Supplying data to the second liquid crystal cell after supplying data to the first liquid crystal cell of the first and second liquid crystal cells of the color; and supplying the data to the fourth liquid crystal cell of the third and fourth liquid crystal cells of the second color. Supplying data to the third liquid crystal cell after supplying data to the liquid crystal cell; and supplying data to the sixth liquid crystal cell after supplying data to the fifth liquid crystal cell among the fifth and sixth liquid crystal cells of the third color.
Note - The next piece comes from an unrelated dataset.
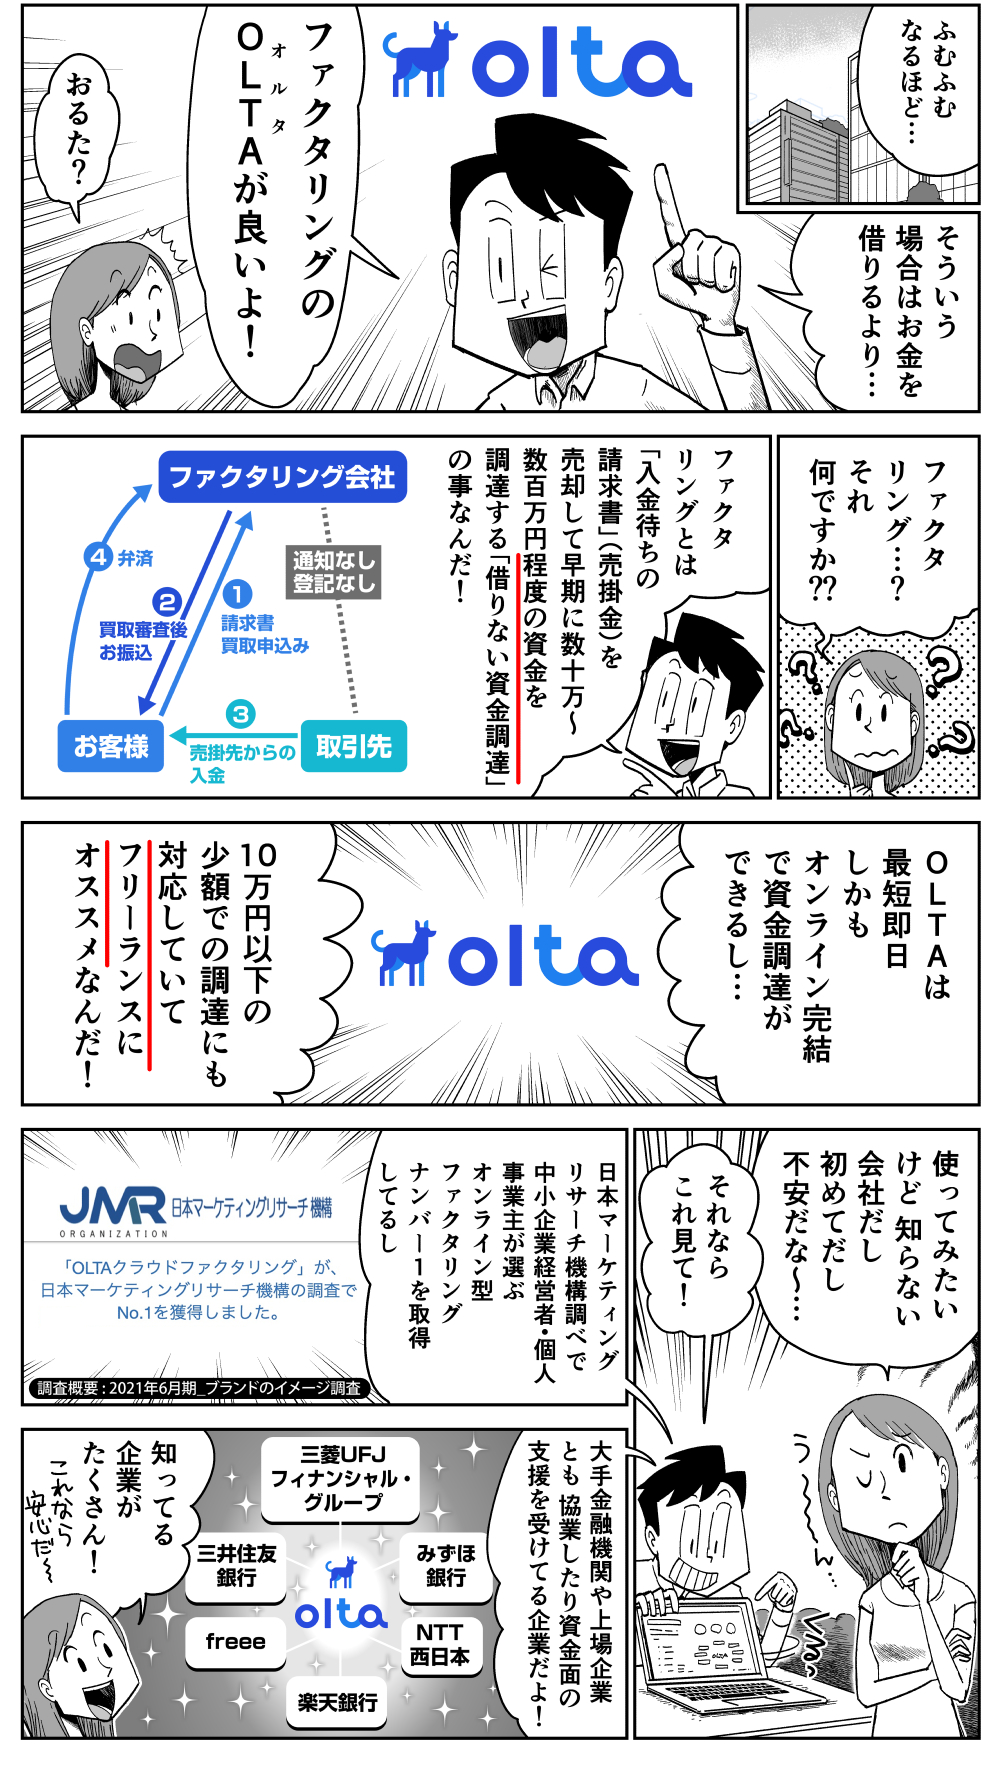  OLTA様 PR漫画 マンガ  イラスト　漫画　イラストレーター

Supplying the liquid crystal display device. 8. The driving method according to claim 7, wherein the first color is red, the second color is green, and the third color is blue. 9. Supplying data to the first liquid crystal cell after supplying data to the second liquid crystal cell in the second frame, and supplying data to the fourth liquid crystal cell after supplying data to the third liquid crystal cell. 8. The method according to claim 7, further comprising: supplying data to the fifth liquid crystal cell after supplying data to the sixth liquid crystal cell. 10. The method according to claim 9, wherein the first color is red, the second color is green, and the third color is blue.